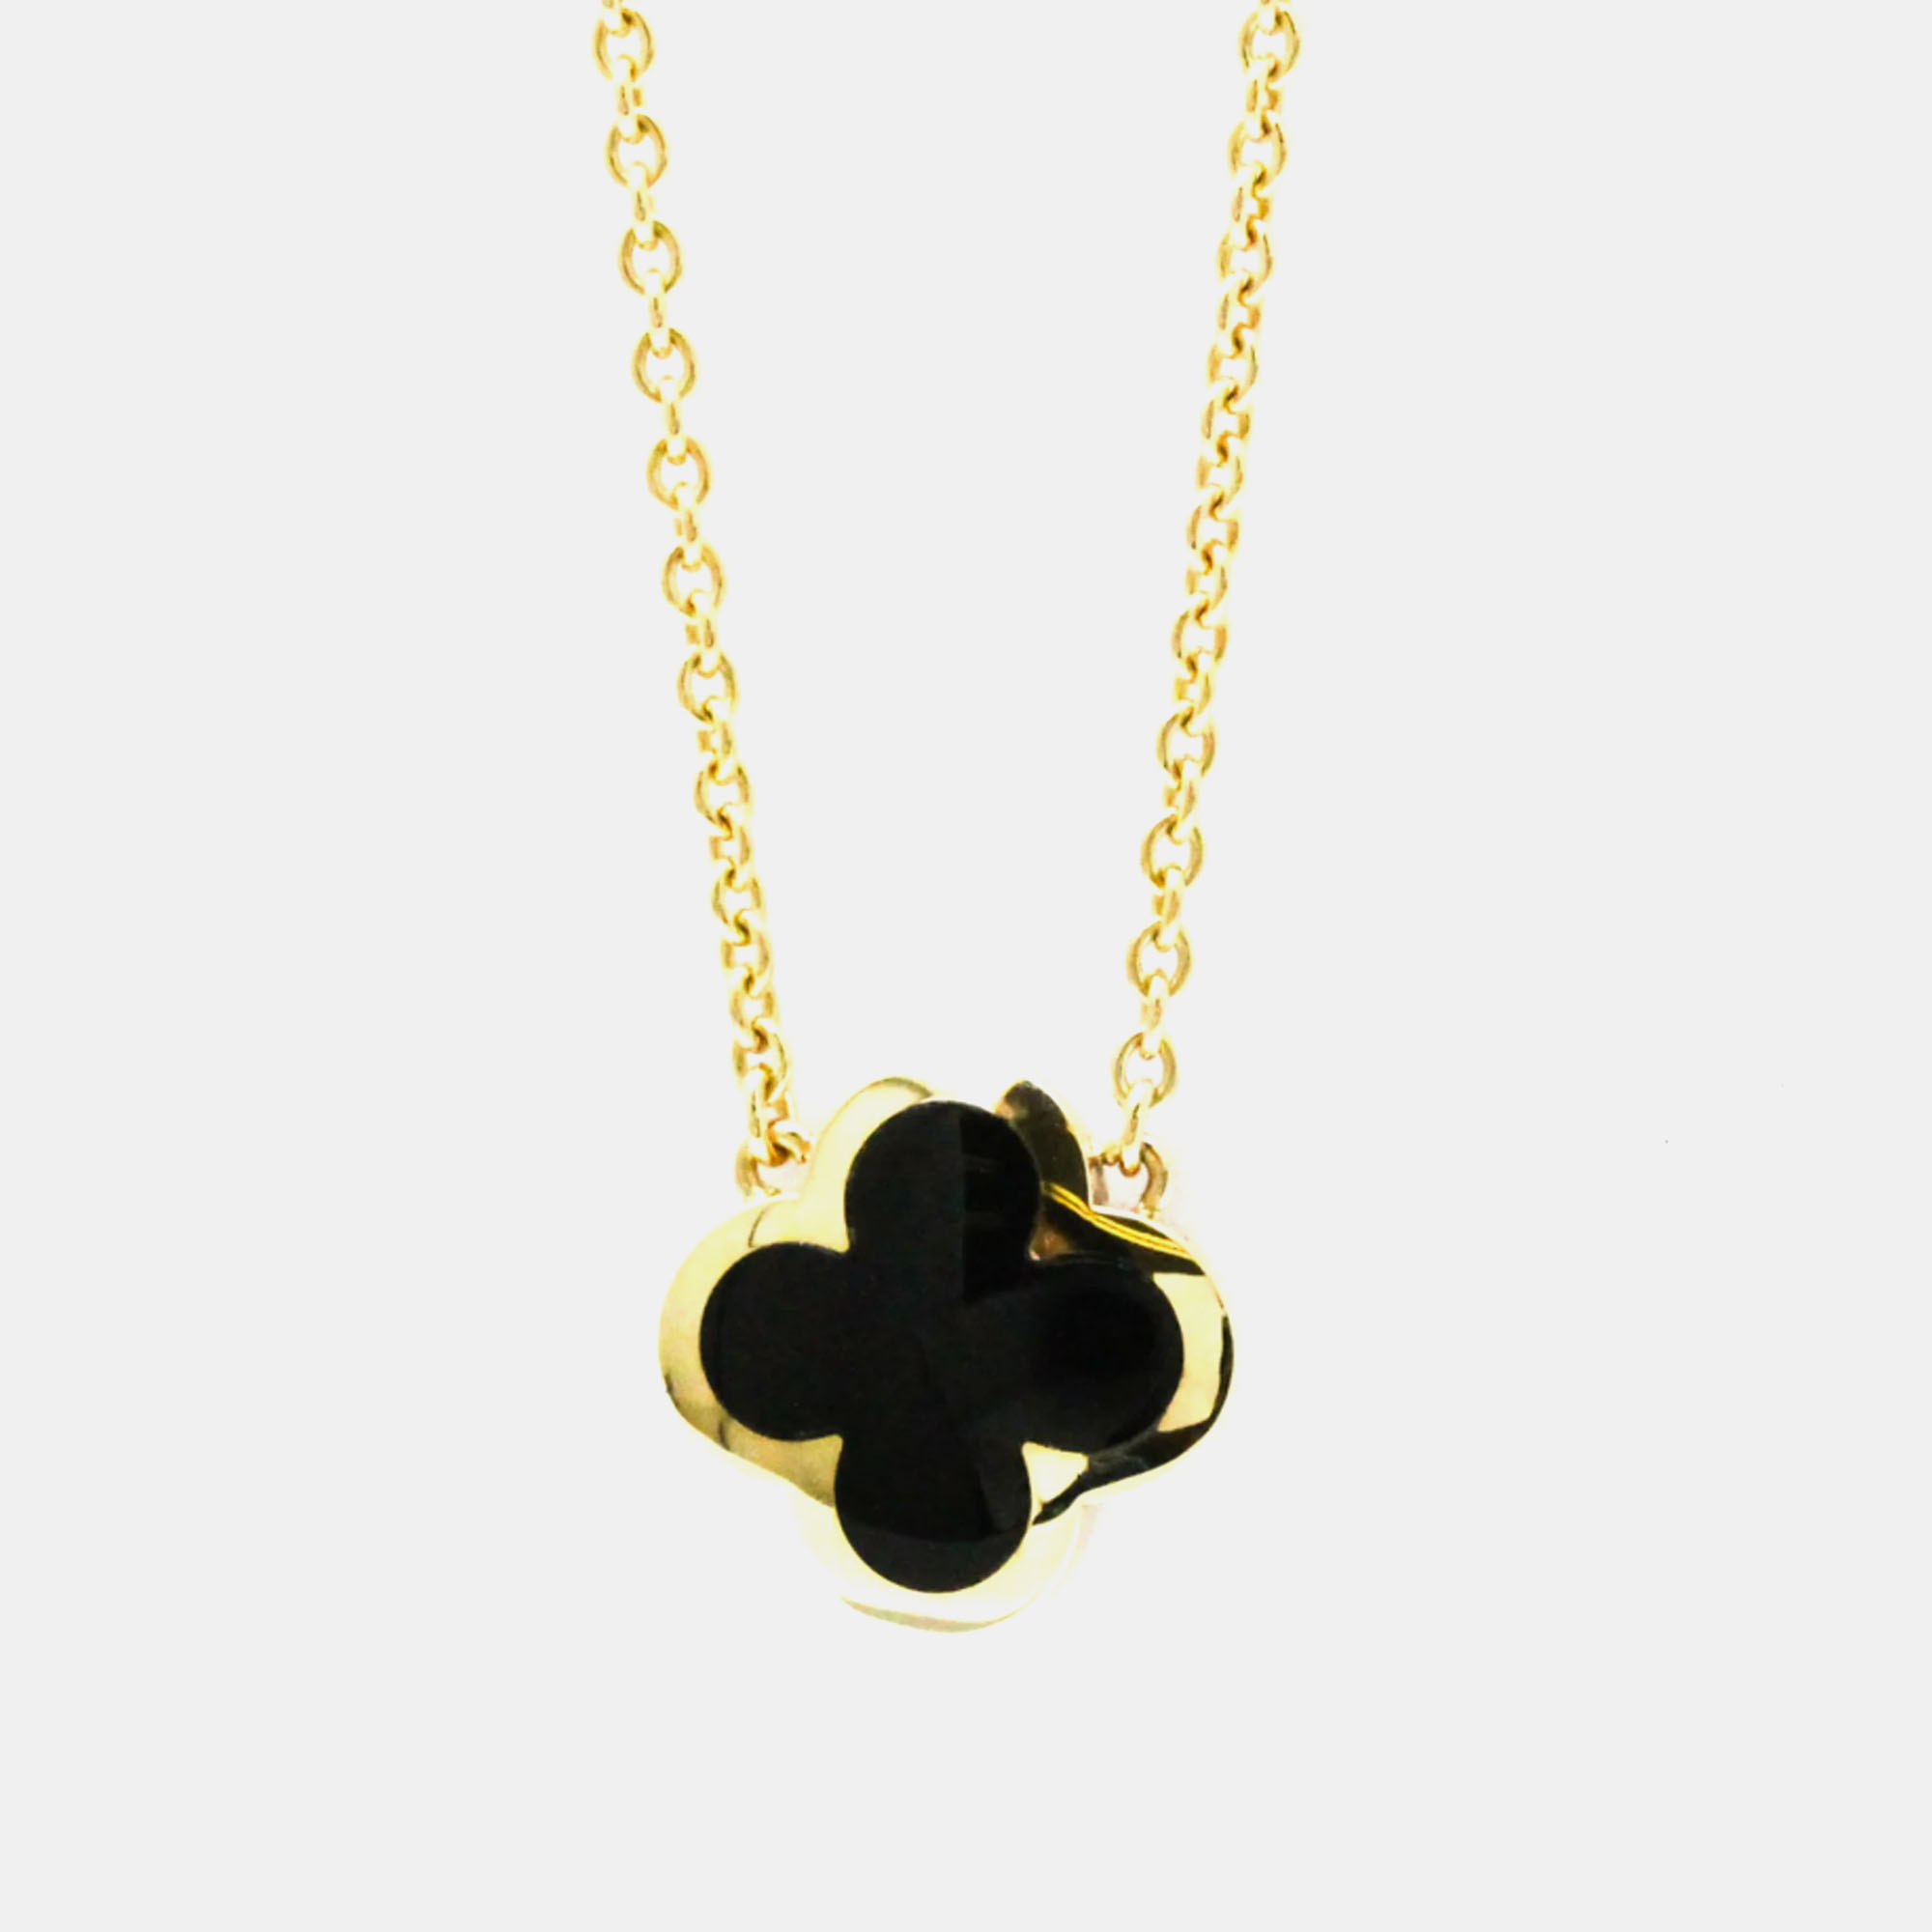 Van cleef & arpels 18k yellow gold and onyx pure alhambra pendant necklace
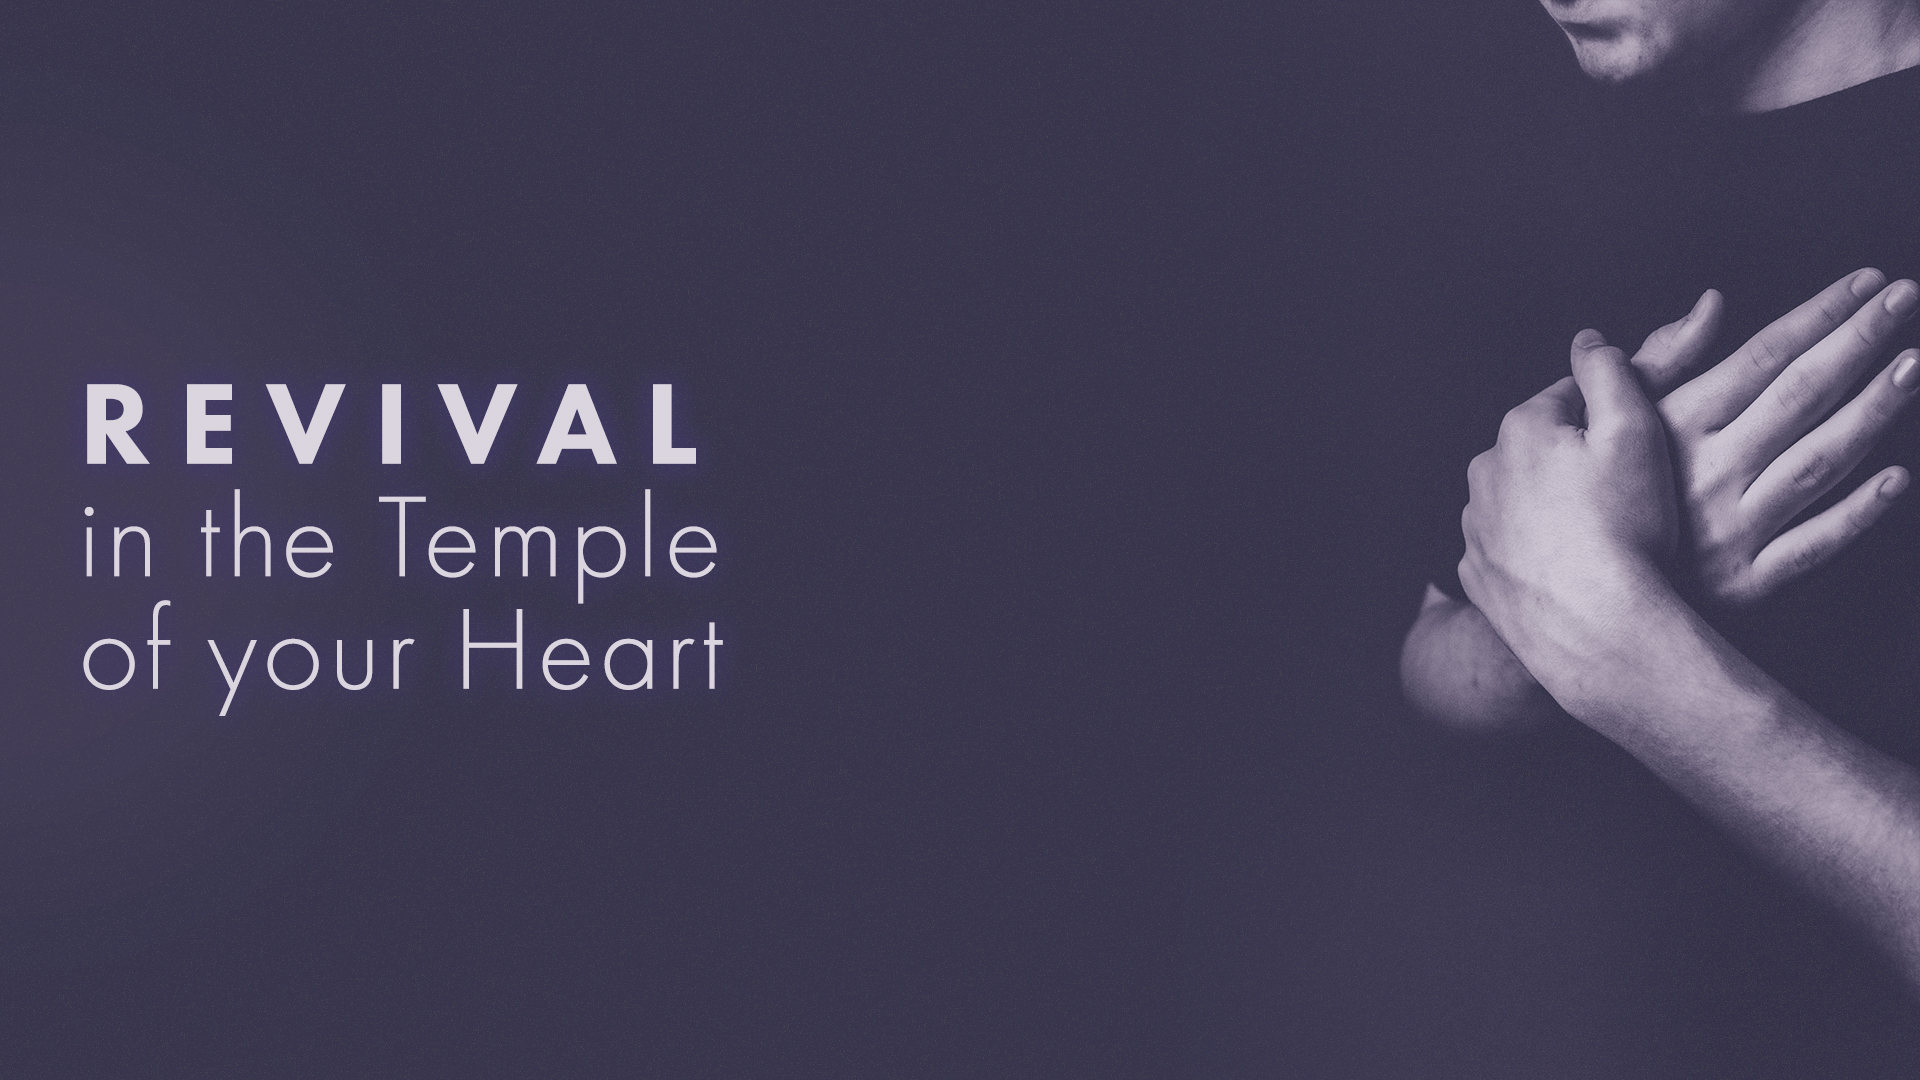 Revival in the Temple of your Heart
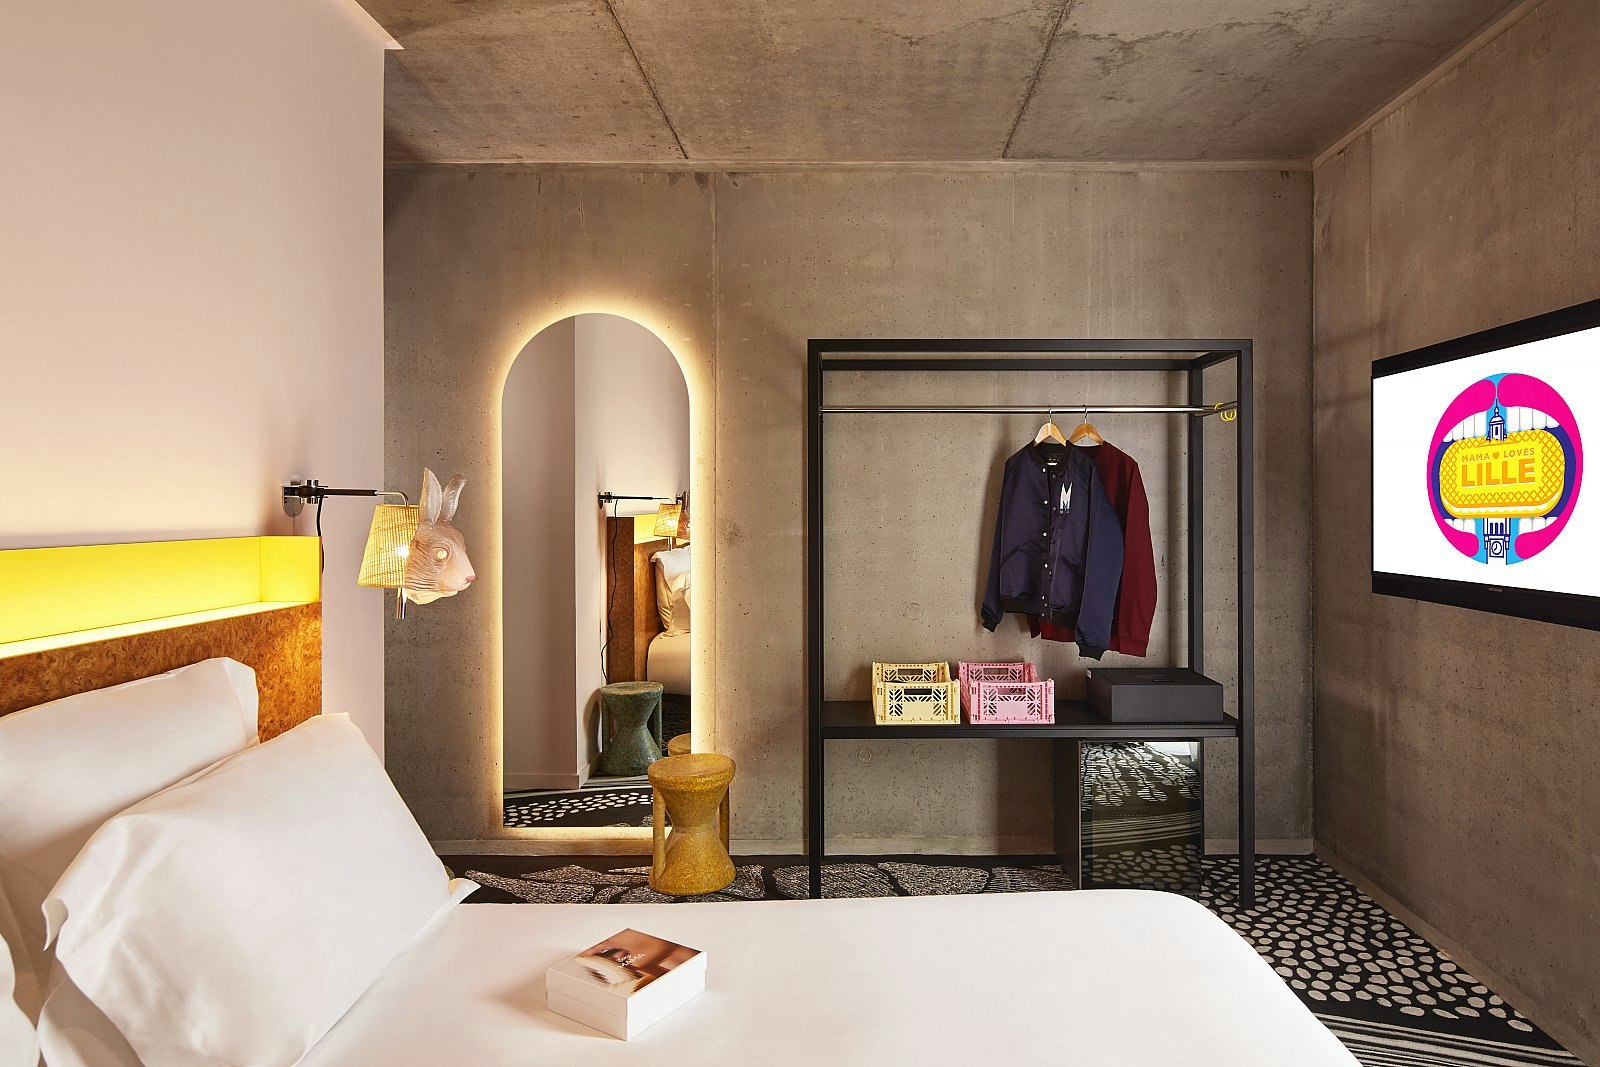 A bedroom at the Mama Shelter Lille hotel: walls have an exposed concrete finish; the bed has white linen and a wooden headboard; there is a plastic rabbit mask over the bedside light.

━━━━━━━━━━━━━━━━

The data above must be given back verbatim, minus its images.

**TASK SOLUTION**.
 Van cleef & arpels 18k yellow gold and onyx pure alhambra pendant necklace
 Revival in the Temple of your Heart
 A bedroom at the Mama Shelter Lille hotel: walls have an exposed concrete finish; the bed has white linen and a wooden headboard; there is a plastic rabbit mask over the bedside light.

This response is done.